- INPUT DATA
*** Begin section ***
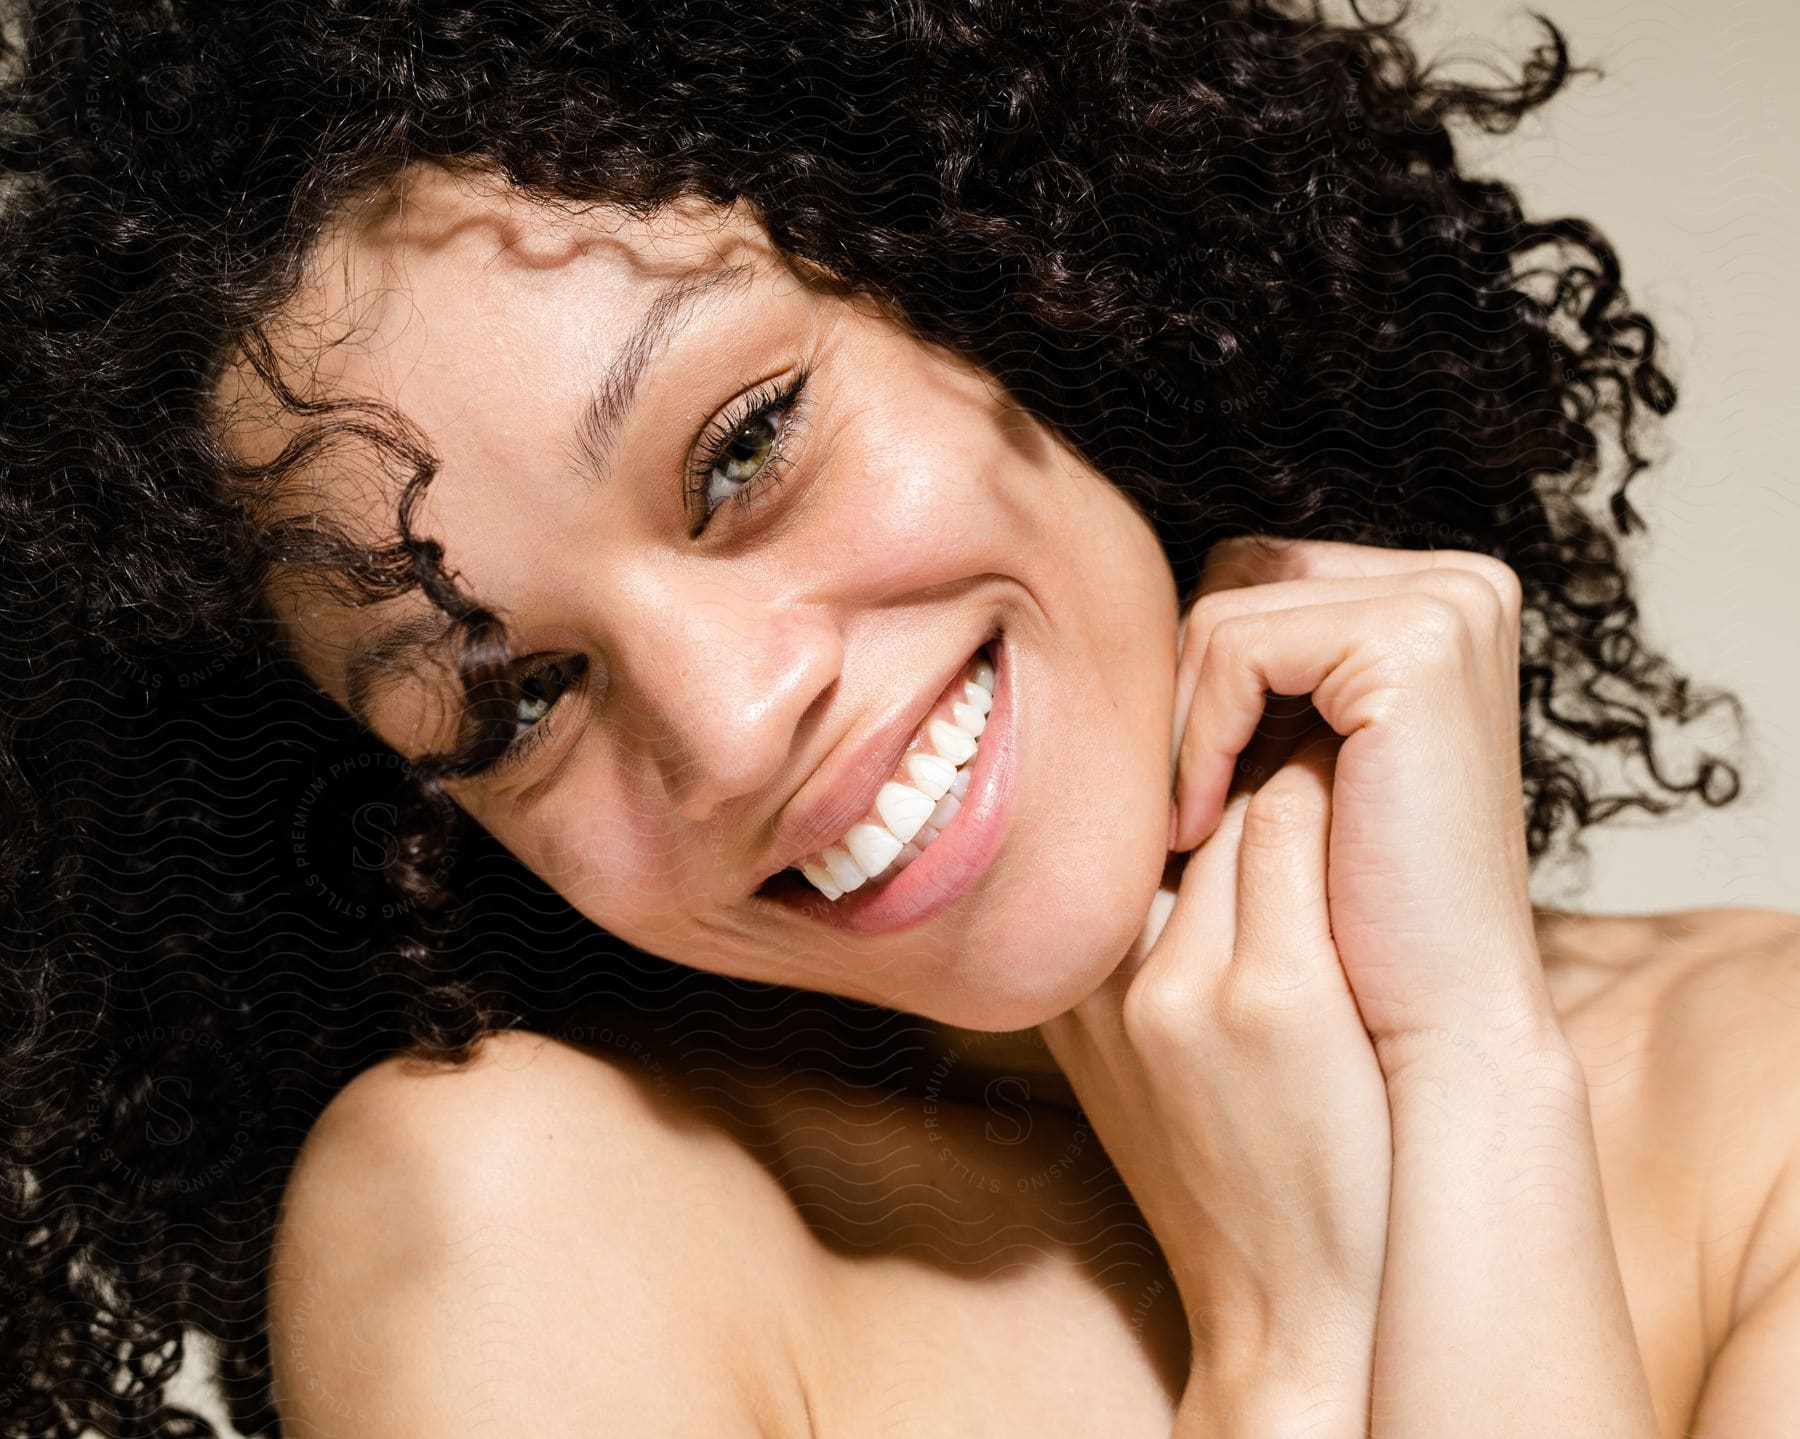 A smiling woman, with curly hair and light eyes.
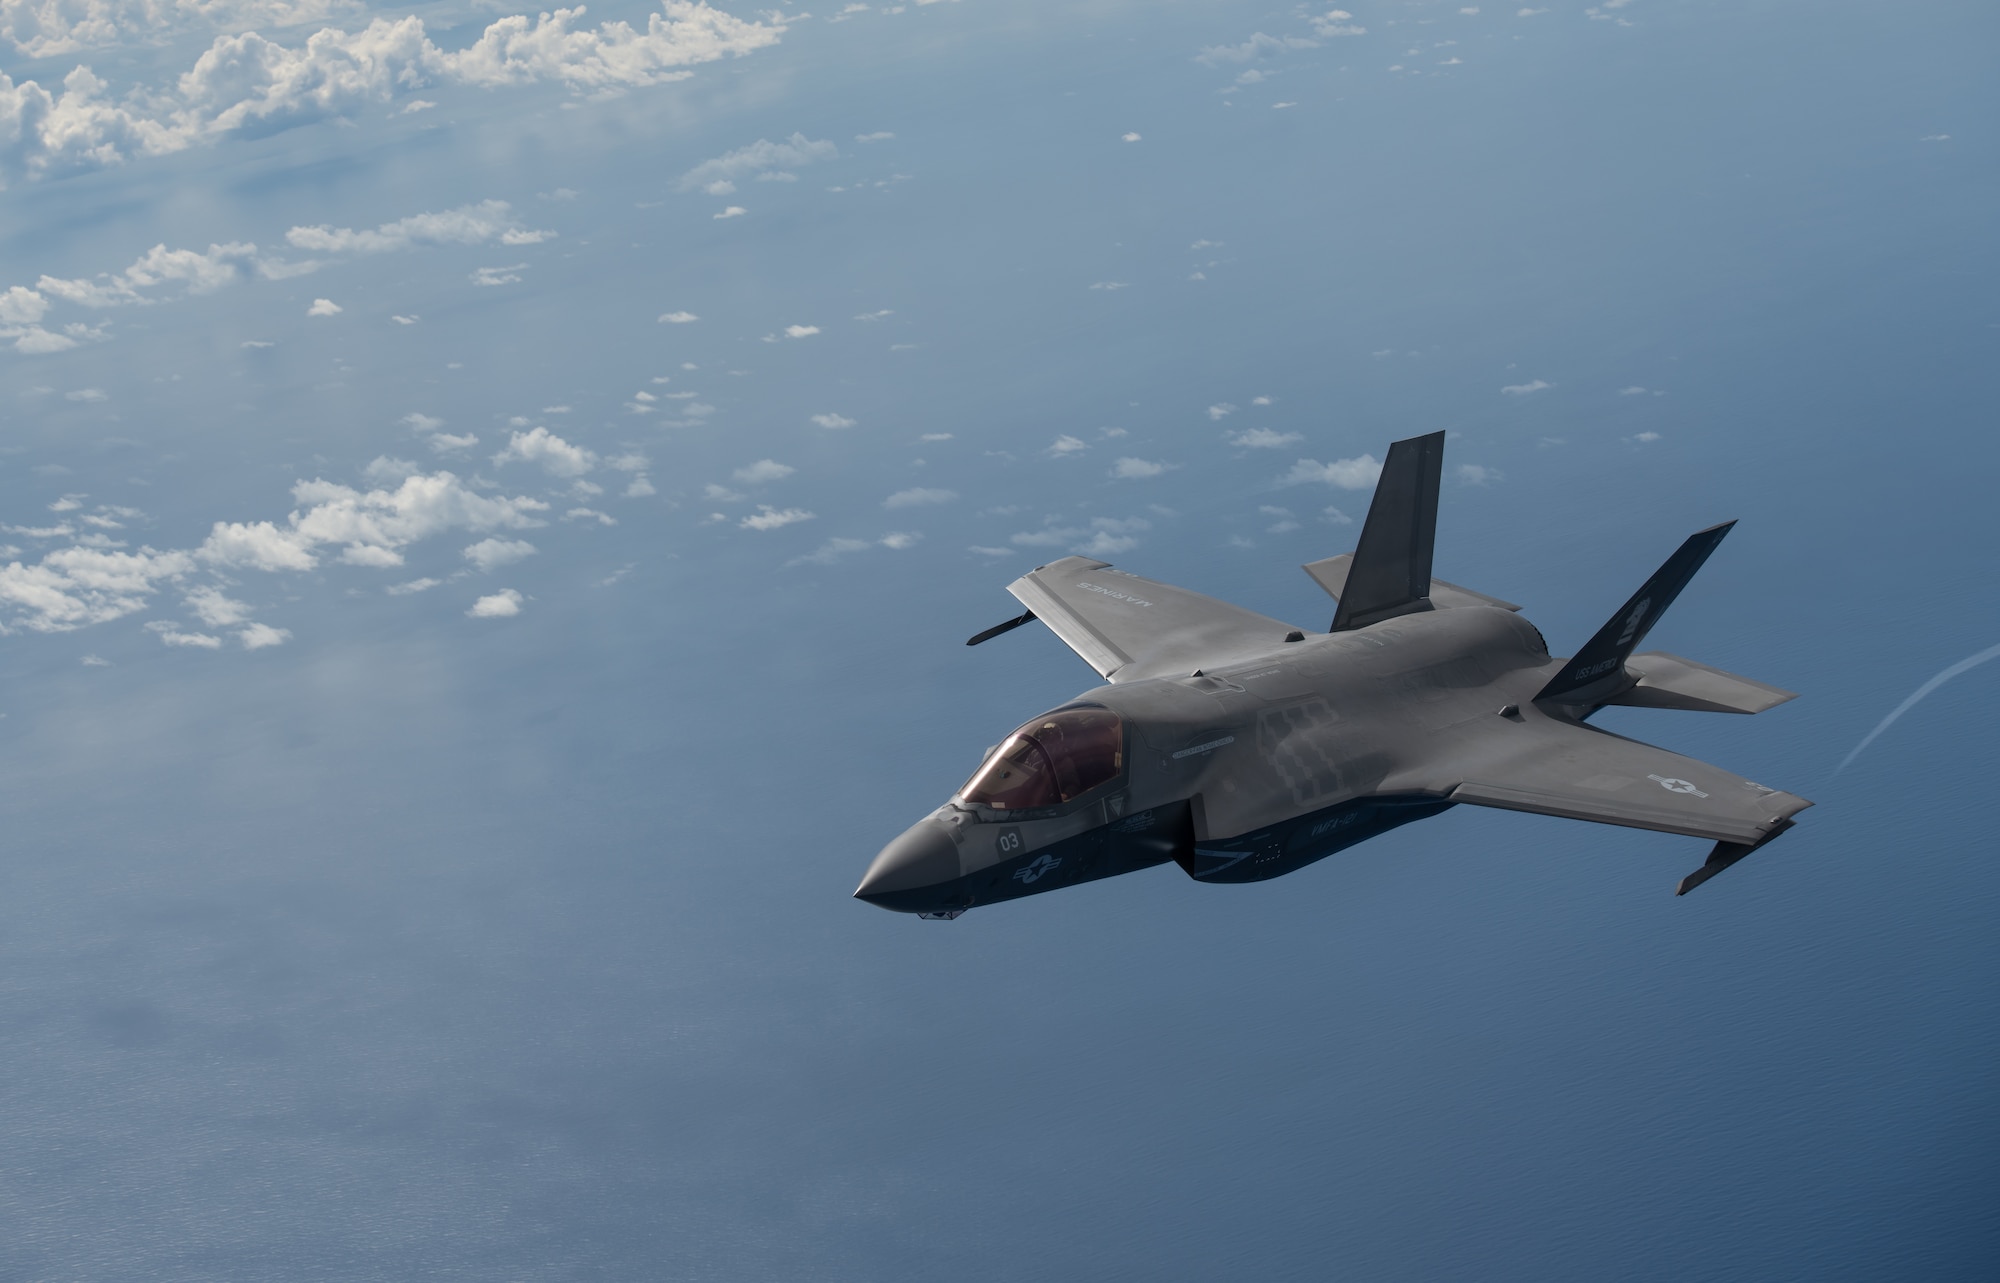 A U.S. Marine Corps F-35B Lightning II, Marine Fighter Attack Squadron based out of Marine Corps Air Station MCAS Iwakuni, Japan, breaks away after receiving fuel from a KC-135 Stratotanker assigned to the 909th Air Refueling Squadron, Kadena Air Base, Japan during a Large Scale Global Exercise 21 mission over the western Pacific Ocean, Aug. 18, 2021. World events underscore the urgency to develop the multi-domain operating capability; especially in the Indo-Pacific. (U.S. Air Force photo by Tech. Sgt. Micaiah Anthony)
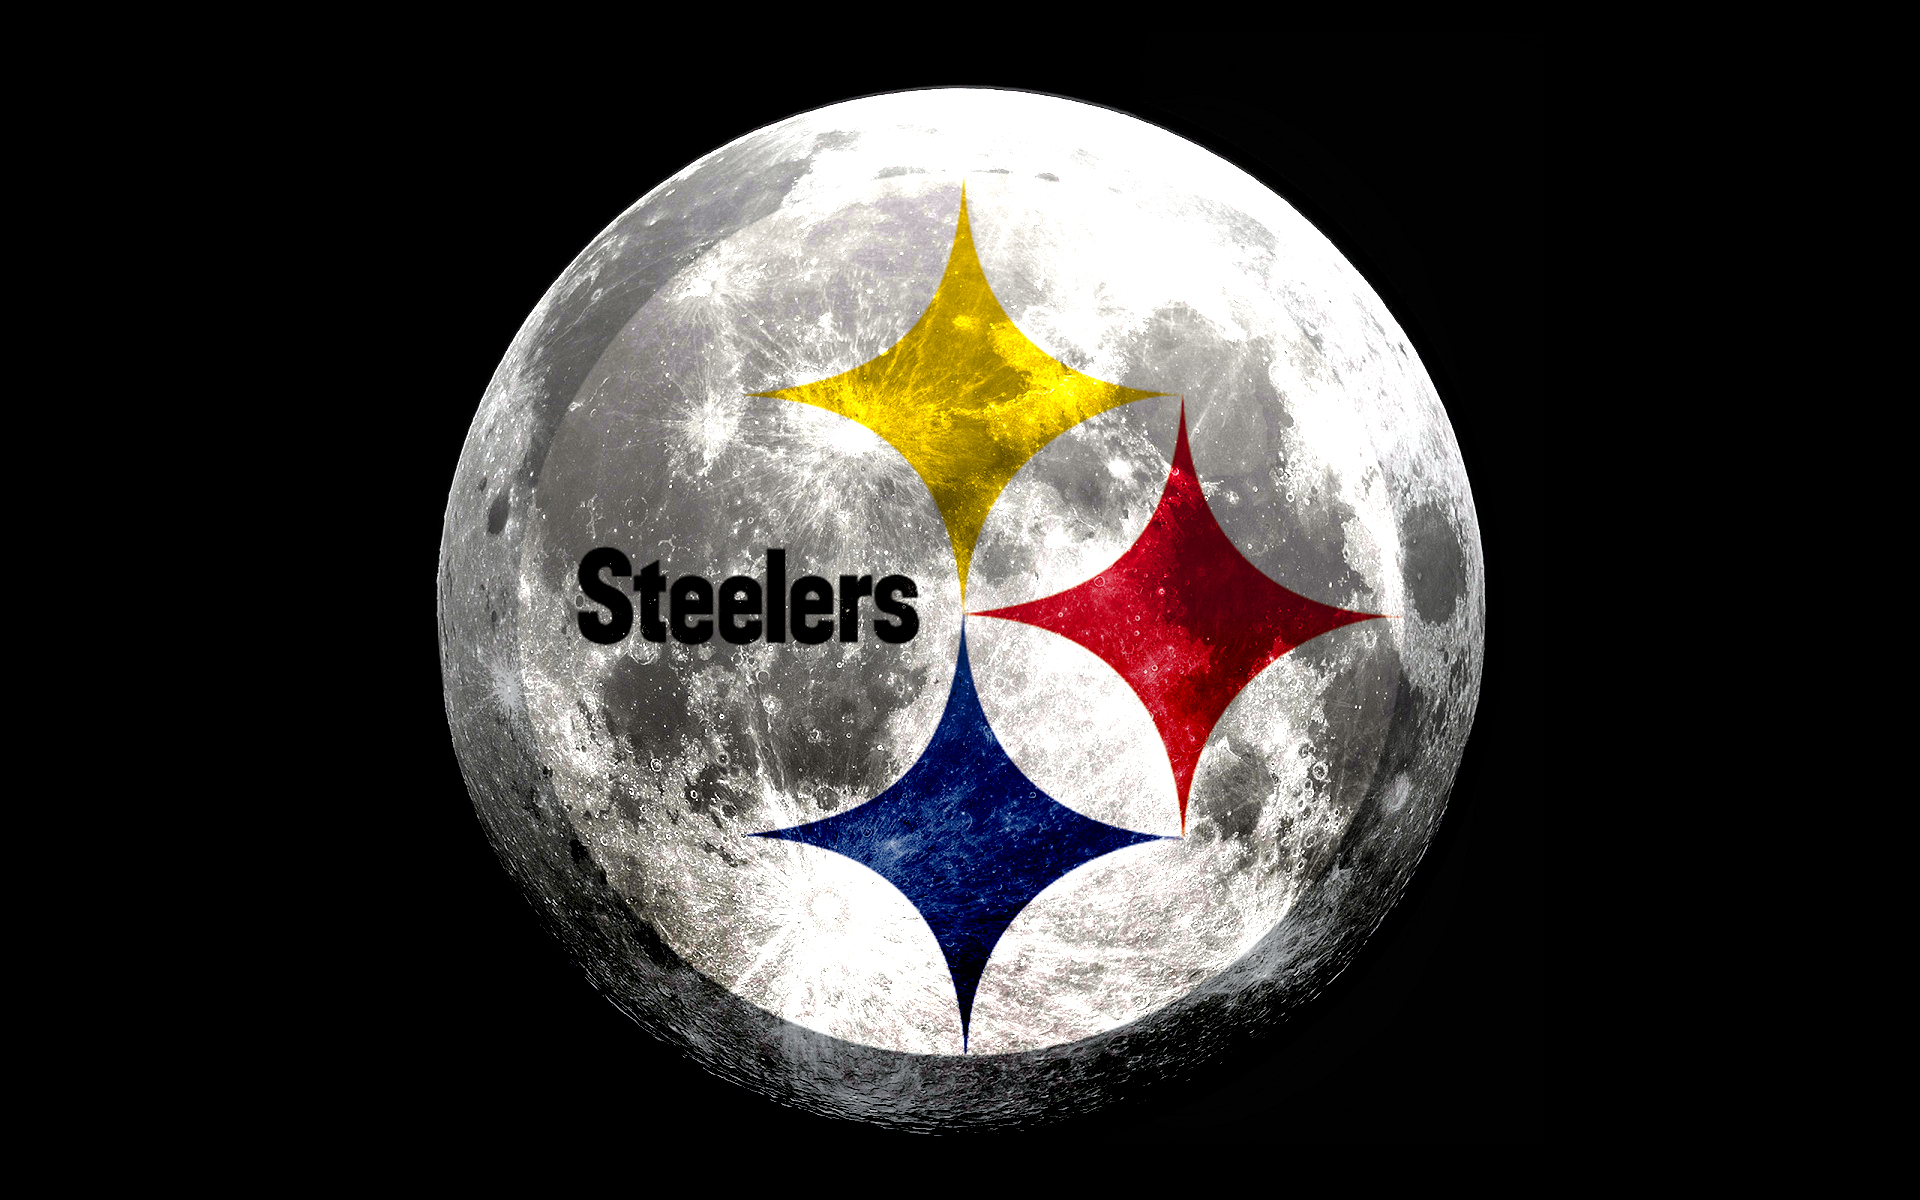 More Steelers Wallpaper Loaded Up
*** End section ***
- PROBLEM REQUIREMENTS
Skip the images and write out the rest of the listing exactly.

- SOLUTION FOR THIS TASK
 A smiling woman, with curly hair and light eyes.
 A U.S. Marine Corps F-35B Lightning II, Marine Fighter Attack Squadron based out of Marine Corps Air Station MCAS Iwakuni, Japan, breaks away after receiving fuel from a KC-135 Stratotanker assigned to the 909th Air Refueling Squadron, Kadena Air Base, Japan during a Large Scale Global Exercise 21 mission over the western Pacific Ocean, Aug. 18, 2021. World events underscore the urgency to develop the multi-domain operating capability; especially in the Indo-Pacific. (U.S. Air Force photo by Tech. Sgt. Micaiah Anthony)
 More Steelers Wallpaper Loaded Up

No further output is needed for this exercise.